May soybean futures edged up $0.015, or 0.18%, to $8.5575 a bushel at 18:43 GMT on Monday on the Chicago Board of Trade (CBoT). Soybean prices fell about 3% last week, adding to their year-to-date decline of more than 10%.

Allendale, an agricultural market strategies and analysis firm, says US farmers plan to plant more soybeans and corn and less wheat this year. According to its survey of American growers in early March, producers are expected to plant 83.74 million acres of soybeans, up 7.64 million acres from a year ago. They intend to plant 94.63 million acres of corn, up 4.9 million acres from 209. Wheat is anticipated to tumble to 44.47 million acres, a 693,000 drop from last year.
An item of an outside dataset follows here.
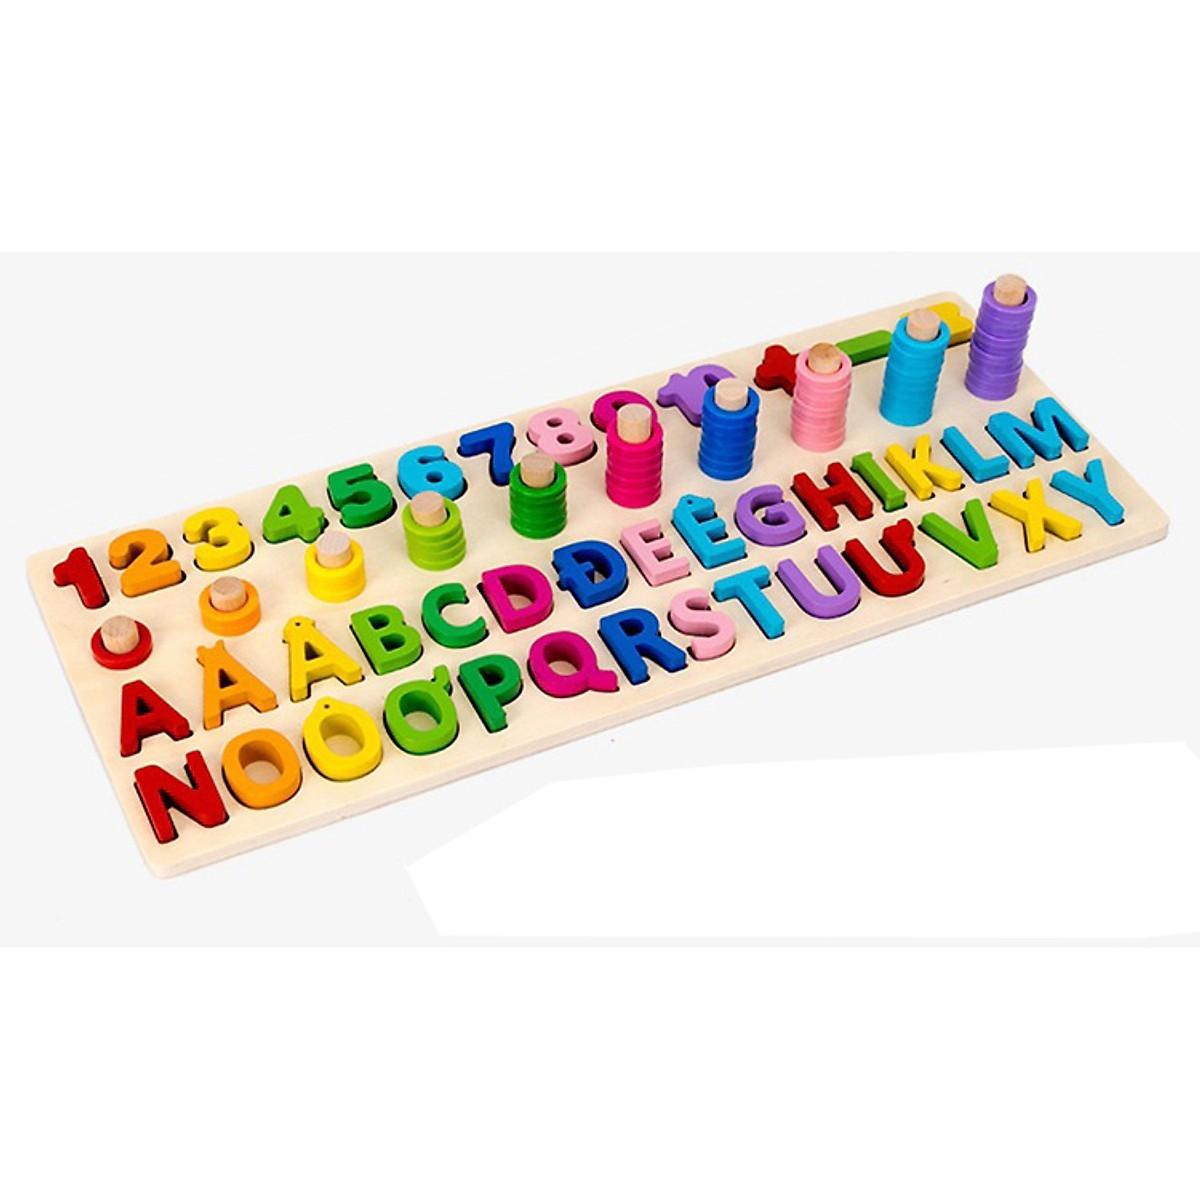 Bảng Chữ Cái Tiếng Việt thường và Số Đếm gỗ nổi-  đồ chơi gỗ an toàn cho bé

Weather conditions are damp in the key growing areas, with much of these favorable conditions predicted to occur in April, May, and June.

But while American farmers expect to raise their output levels, Brazil is continuing to ship soybeans at huge levels. Brazil’s foreign trade department confirmed that it exported 11.6 million tons of soybeans last month, a 38% increase from the same time in 2019. The US Department of Agriculture (USDA) forecasts that Brazil’s export total will hit 77 million tons in the 2019-2020 marketing year, a 3% jump from the previous year.

Brazil’s biggest market was China, accounting for more than 40% of the exports. However, a new report suggests that Beijing may witness lower arrival of soybean shipments this month. Beijing-based Cofeed told S&P Global Platts that logistical issues in South America could lead China to receive just 6.9 million metric tons of soybeans, down from 7.6 million mt from April 2019.

This is something that Brazil could afford – for now. Argentina’s farmers are growing fewer amounts of soybeans and exporting even less. Producers are slashing output and curtailing operations due to the coronavirus-induced lockdown, higher export tariffs, and higher municipal taxes and fees. Other countries, like Russia and Ukraine, are also hinting that they plan to reduce grain exports during the COVID-19 pandemic.

In other agricultural markets, May corn futures shed $0.03, or 0.91%, to $3.2775 per pound. May wheat futures tacked on $0.0625, or 1.14%, to $5.555 a bushel. May coffee futures rose 0.0015, or 0.13%, to $1.168 per pound.